ShinMaywa fitted the prototype with fly-by-wire controls and modern electronic cockpit instrumentation to improve handling plus more powerful engines help the aircraft take off and land on the open sea. A new pressurized cabin increased not only patient comfort but also allowed the aircraft to cruise at a higher altitude, making it more fuel efficient.
The new aircraft — US-2 — is a joint product of Japan’s defense industry giants. Mitsubishi contributes the outer sections of the wings and the rear sections of the engine nacelles, NIPPI builds the amphibian’s special water-tight landing gear housings and Kawasaki Heavy Industries supplies the cockpit. ShinMaywa is then responsible for assembling the parts around its special boat-like forward hull and supplying the aircraft to the Maritime Self-Defense Force.
ShinMaywa has supplied three production-standard copies since 2007 but a lack of capacity is choking the production line. The company can only produce two aircraft simultaneously, which increases the length of the production run. This complicates the conditions of supplying Japanese-assembled aircraft for export.
India is looking to buy somewhere between 10 and 20 US-2s — Tokyo and New Delhi are still negotiating the final number. India wants to manufacture the planes domestically but Japan is asking to build them at its existing factories. This would allow ShinMaywa to get the most out of its existing capital, but building the aircraft in Japan would either reduce the flow of planes to the Maritime Self-Defense Force or add a significant wait time to the Indian bid.
Indonesia has also expressed an interest in the aircraft, but with ShinMaywa’s domestic orders and possible Indian orders, ShinMaywa is unable to handle a third customer.
This supply crunch is further compounded by a US-2 crash off the coast of Kochi Prefecture in April this year.

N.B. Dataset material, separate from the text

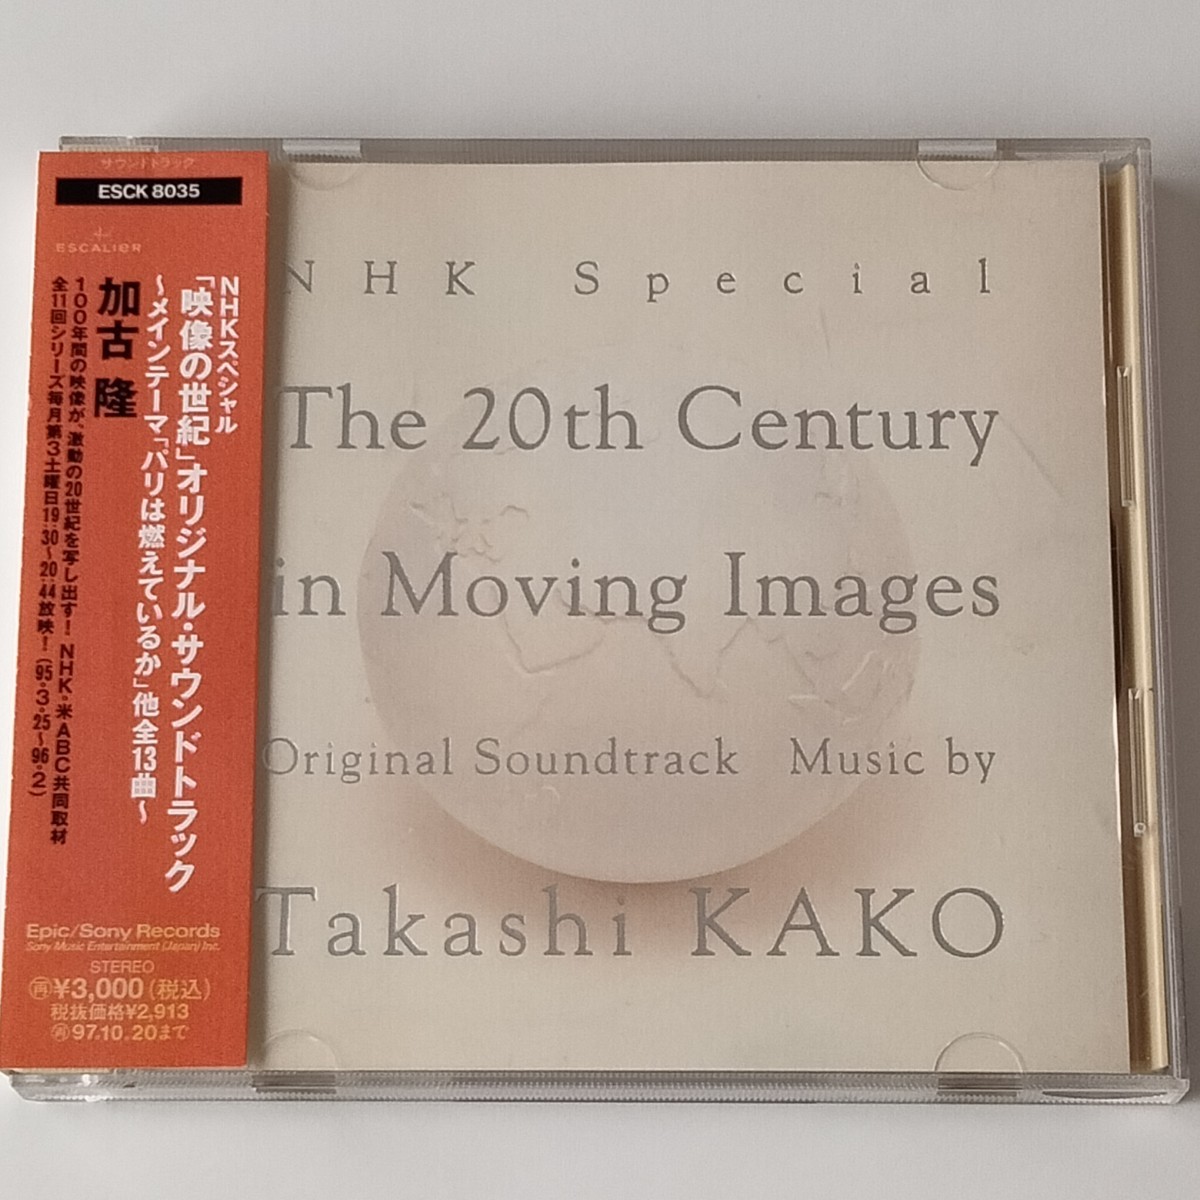 【帯付CD】加古隆/NHKスペシャル「映像の世紀」(ESCK-8035)オリジナル・サウンドトラック/パリは燃えているか 他全13曲/人気サントラ_画像1

The military’s newest US-2 sank into the sea during a training exercise. A wave hit the starboard wing while the aircraft was on the surface and broke off the float and outer engine, causing the US-2 to list forward into the sea. The crew survived by escaping onto a lifeboat, but the military has grounded the fleet while it investigates the crash.
The fourth production airframe is still in ShinMaywa’s factory and it’s unclear what effect the incident will have on the current production run.
In the meantime, ShinMaywa is continuing to attend defense and aerospace exhibitions at the request of the Japanese government. All the export efforts are being led by Tokyo, but ShinMaywa and other defense companies are publicly expressing concern that the government isn’t providing enough leadership. It’s a slow process and the negotiations with India are protracted, but one thing seems certain — this unique amphibian is leading the way.